- [Source data]
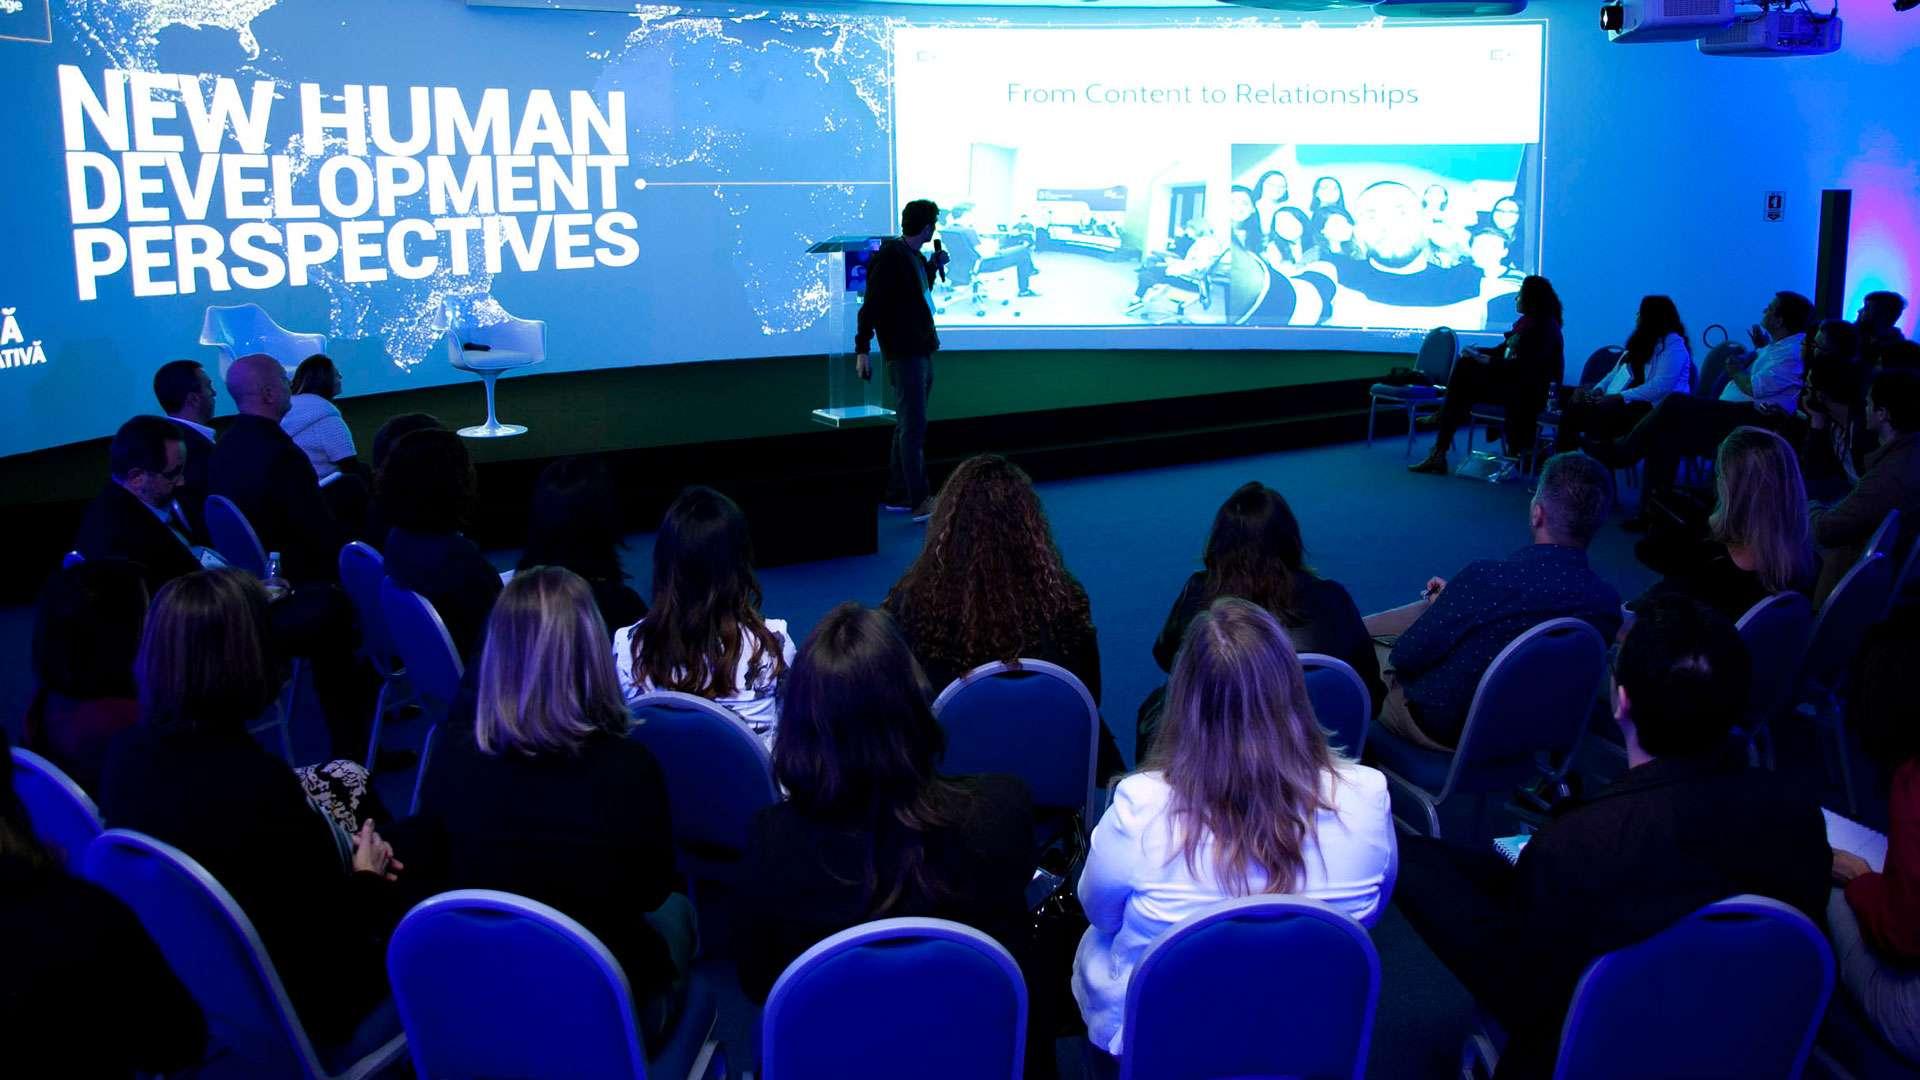 Fórum IBEX 2018 e soluções de desenvolvimento humano
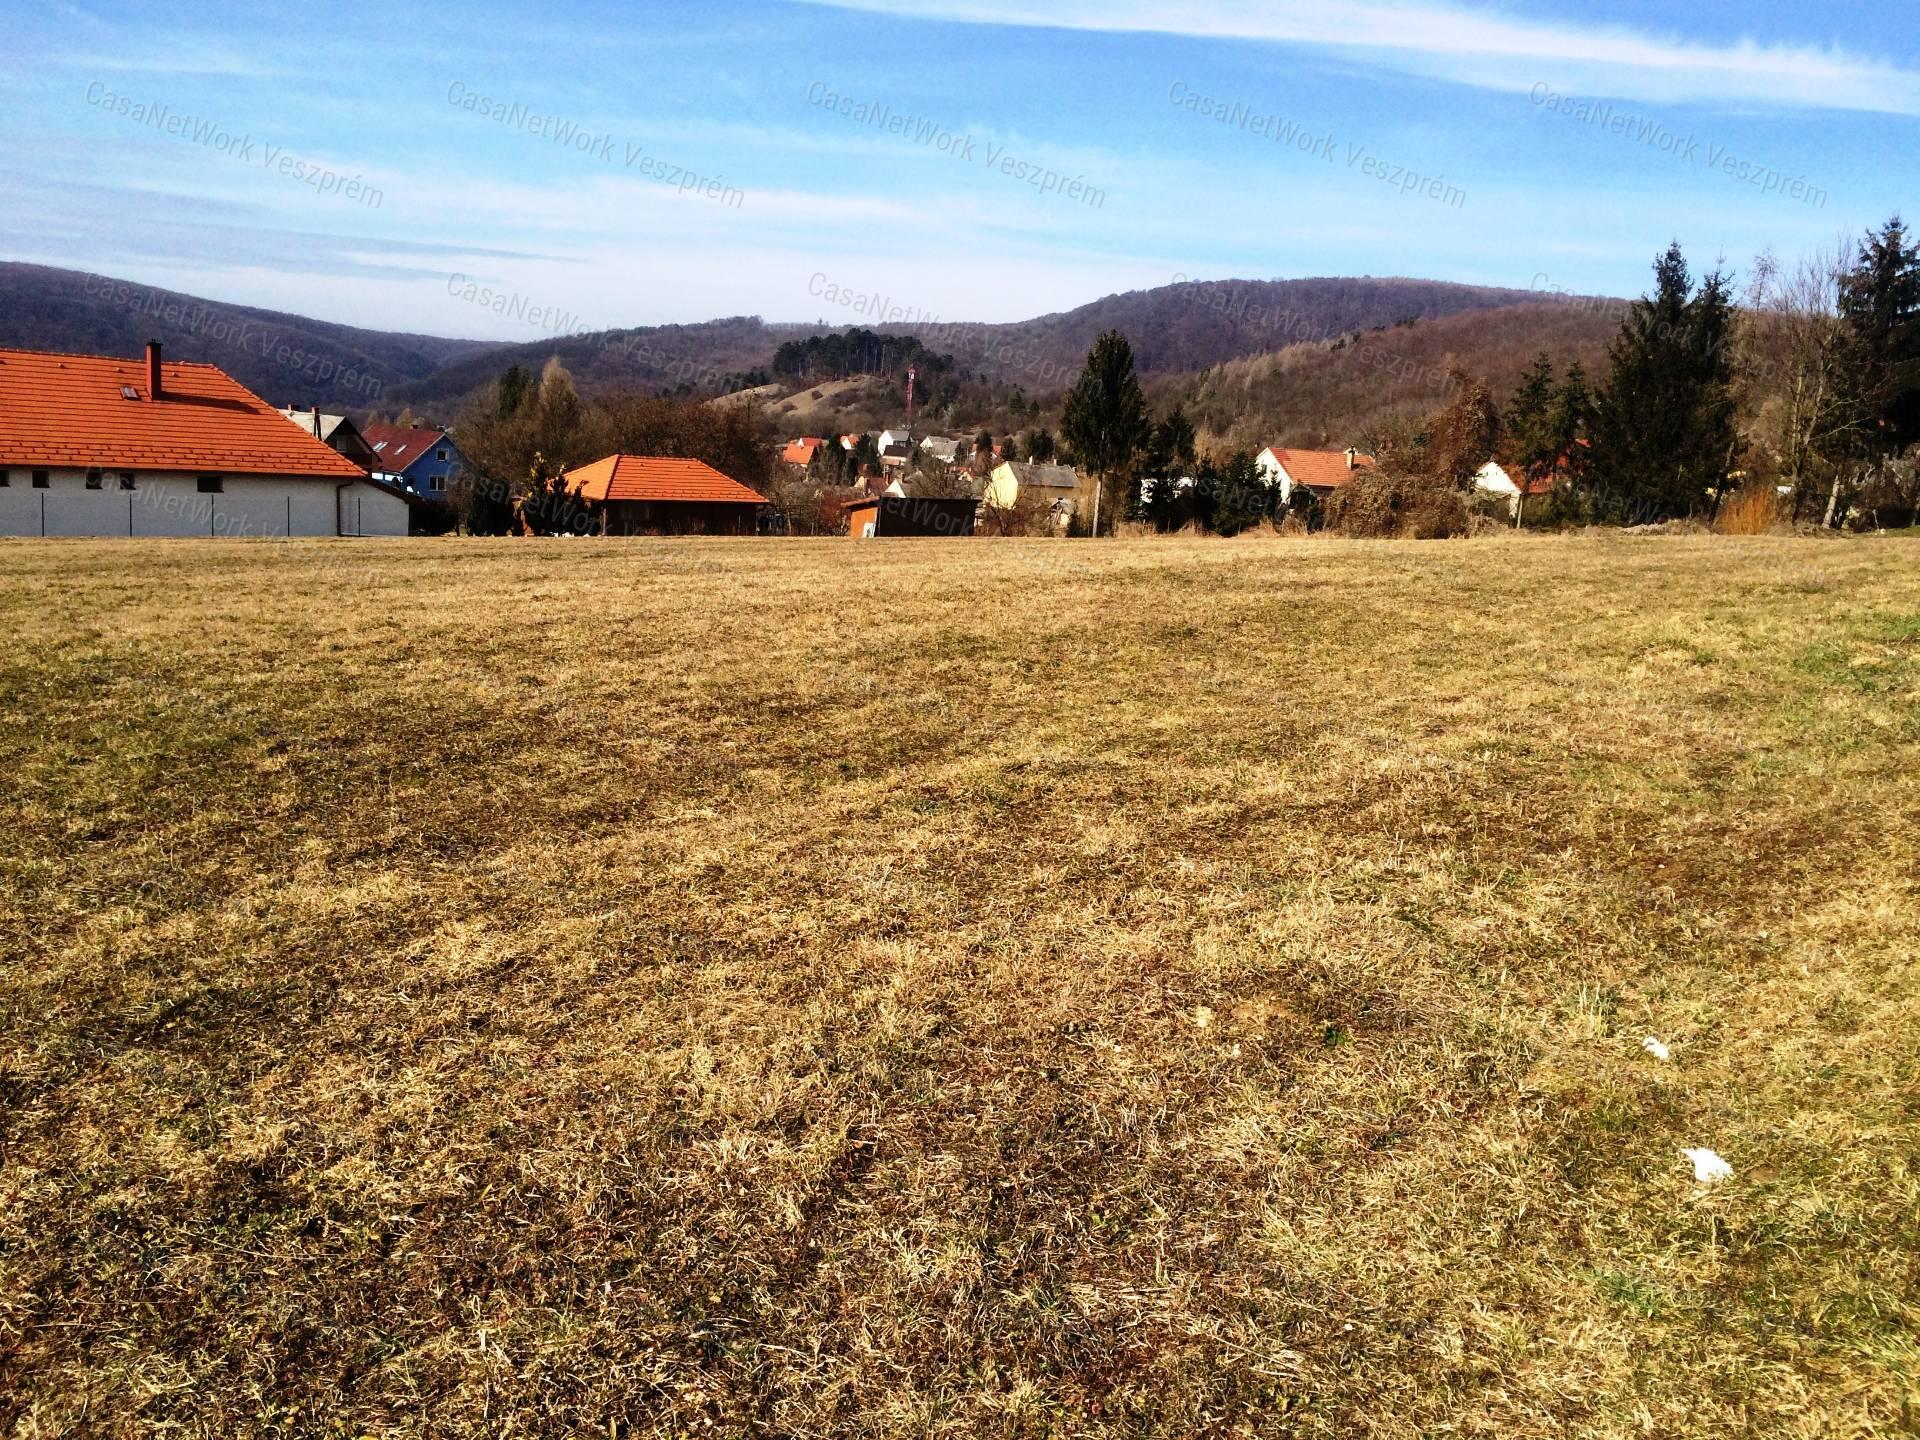 Eladó építési telek, Veszprém megye, Bakonybél - sz.: 156201155 - CasaNetWork.hu
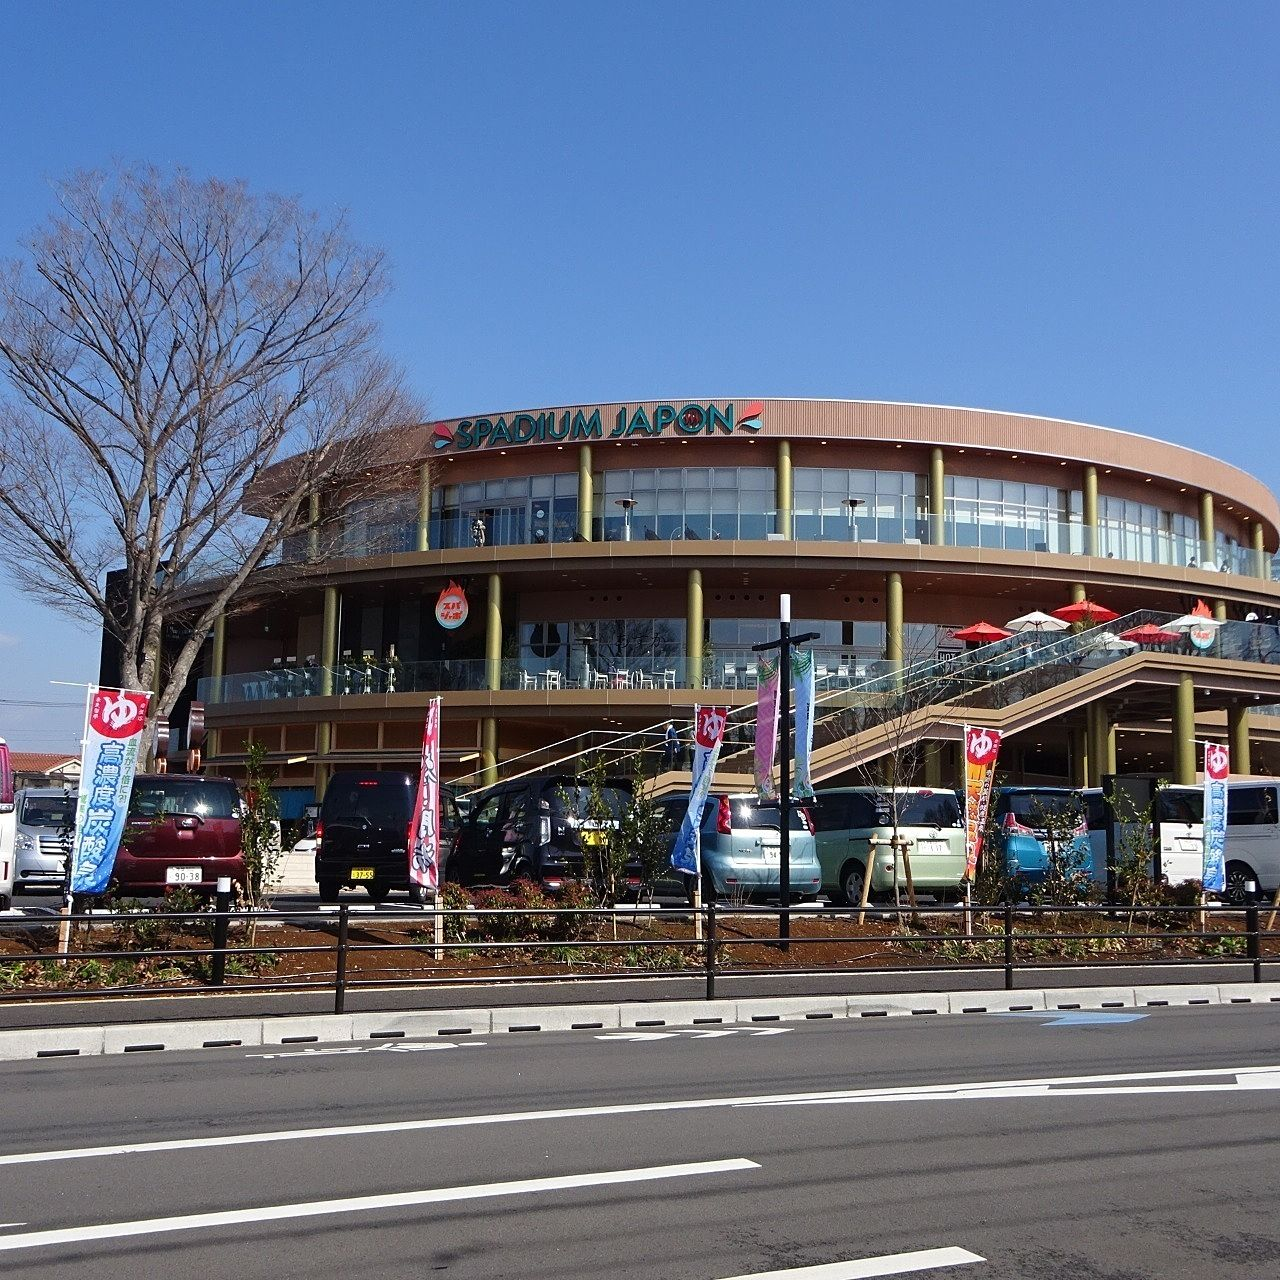 関東一の温泉施設スパジャポ
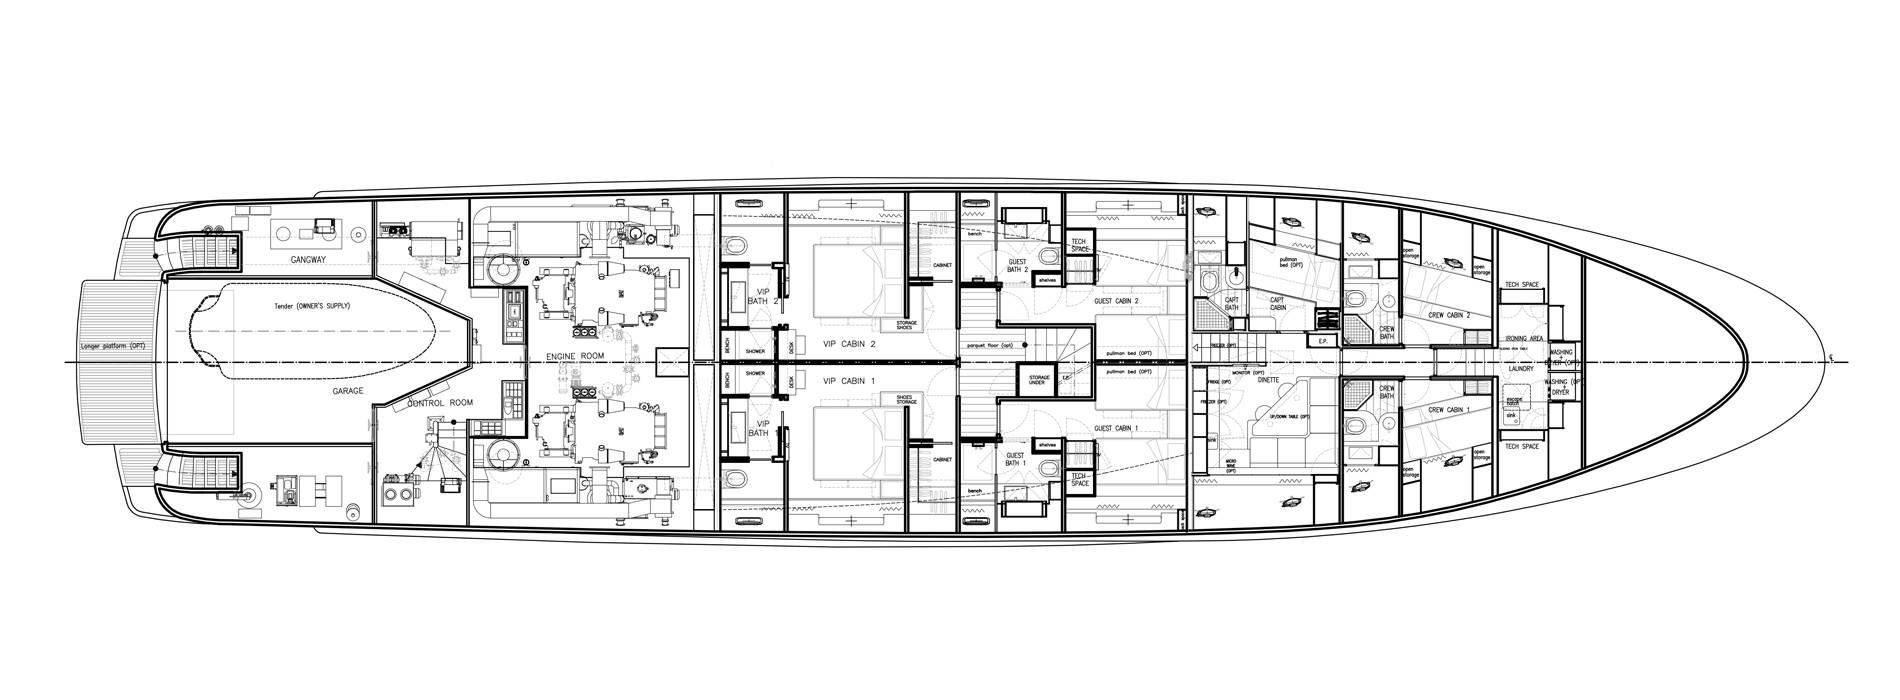 Sanlorenzo Yachts SD122-27 under offer 下层甲板
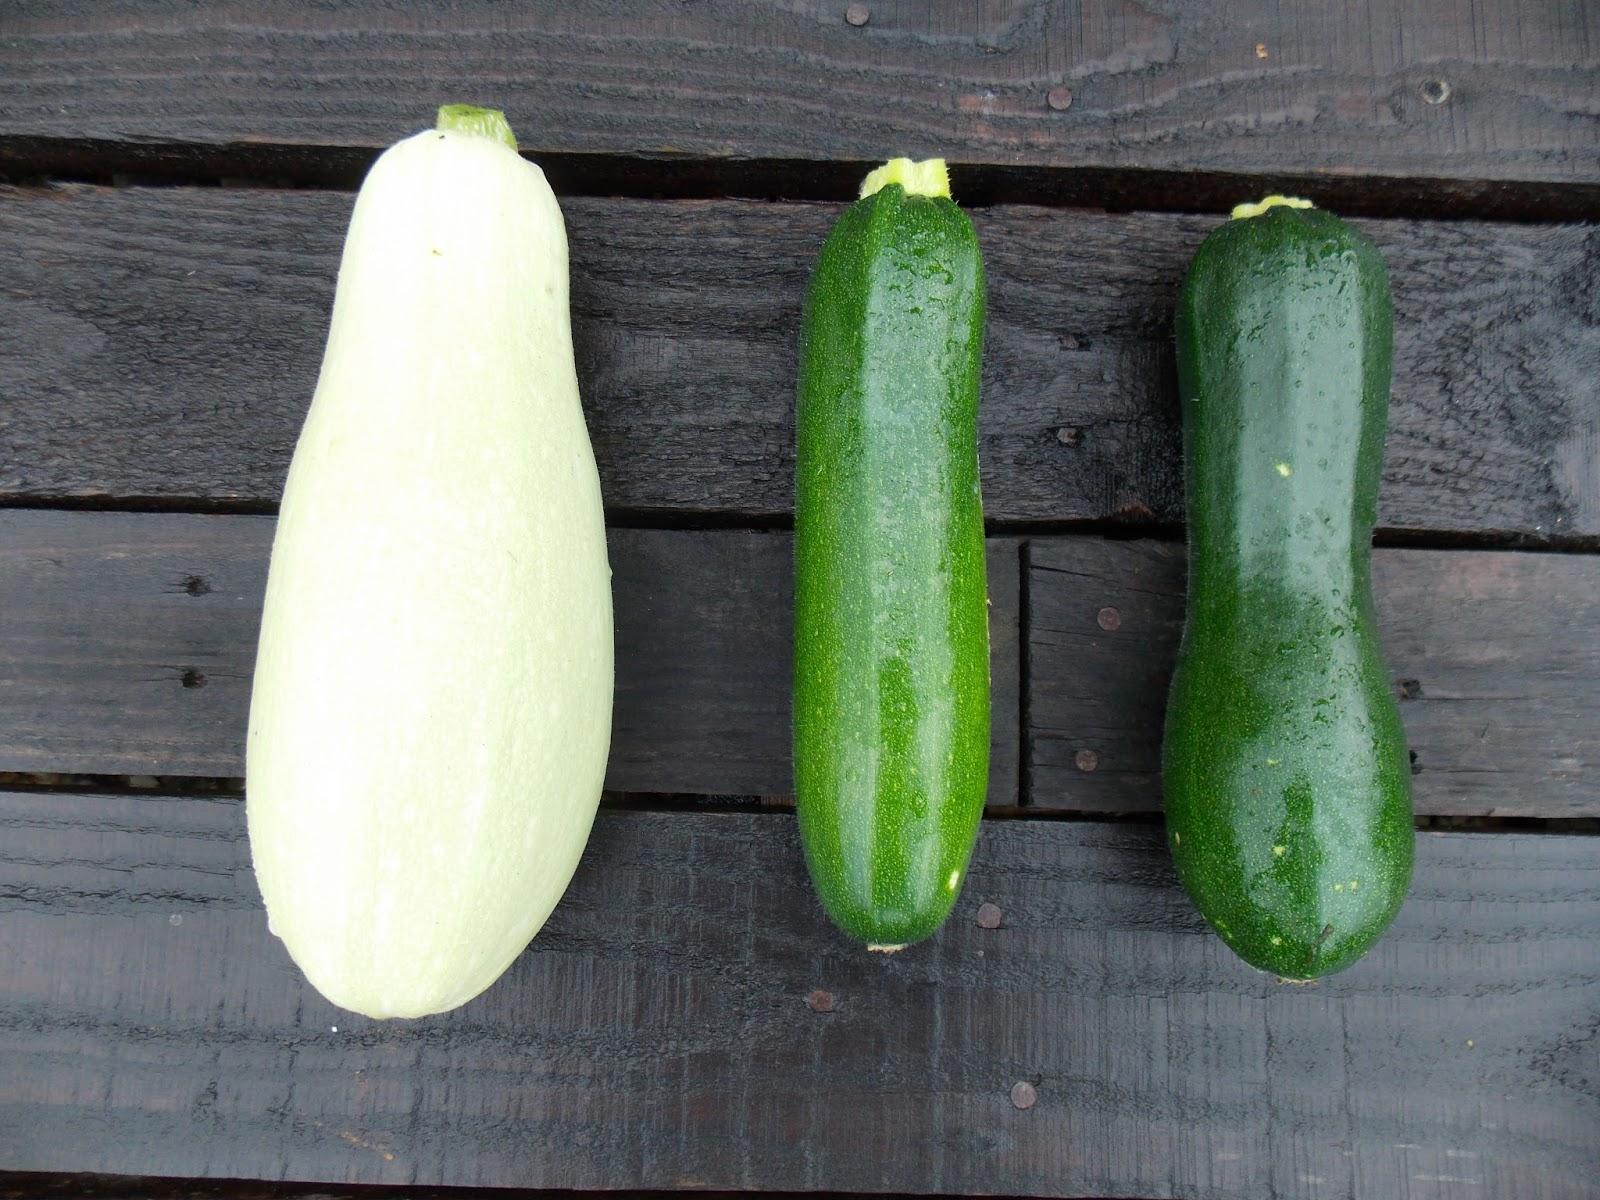 Ecolo bio nature permaculture urbaine et jardinage bio les vari t s de courgettes de cette ann e - Feuille de courgette blanche ...

- [What is expected] What is needed is an exact repeat of the lines from the one containing "Eladó építési telek, Veszprém" through the last line of the records above, both included, with pictures left out.

- [Completed exercise]
 Eladó építési telek, Veszprém megye, Bakonybél - sz.: 156201155 - CasaNetWork.hu
 関東一の温泉施設スパジャポ
 Sanlorenzo Yachts SD122-27 under offer 下层甲板
 Ecolo bio nature permaculture urbaine et jardinage bio les vari t s de courgettes de cette ann e - Feuille de courgette blanche ...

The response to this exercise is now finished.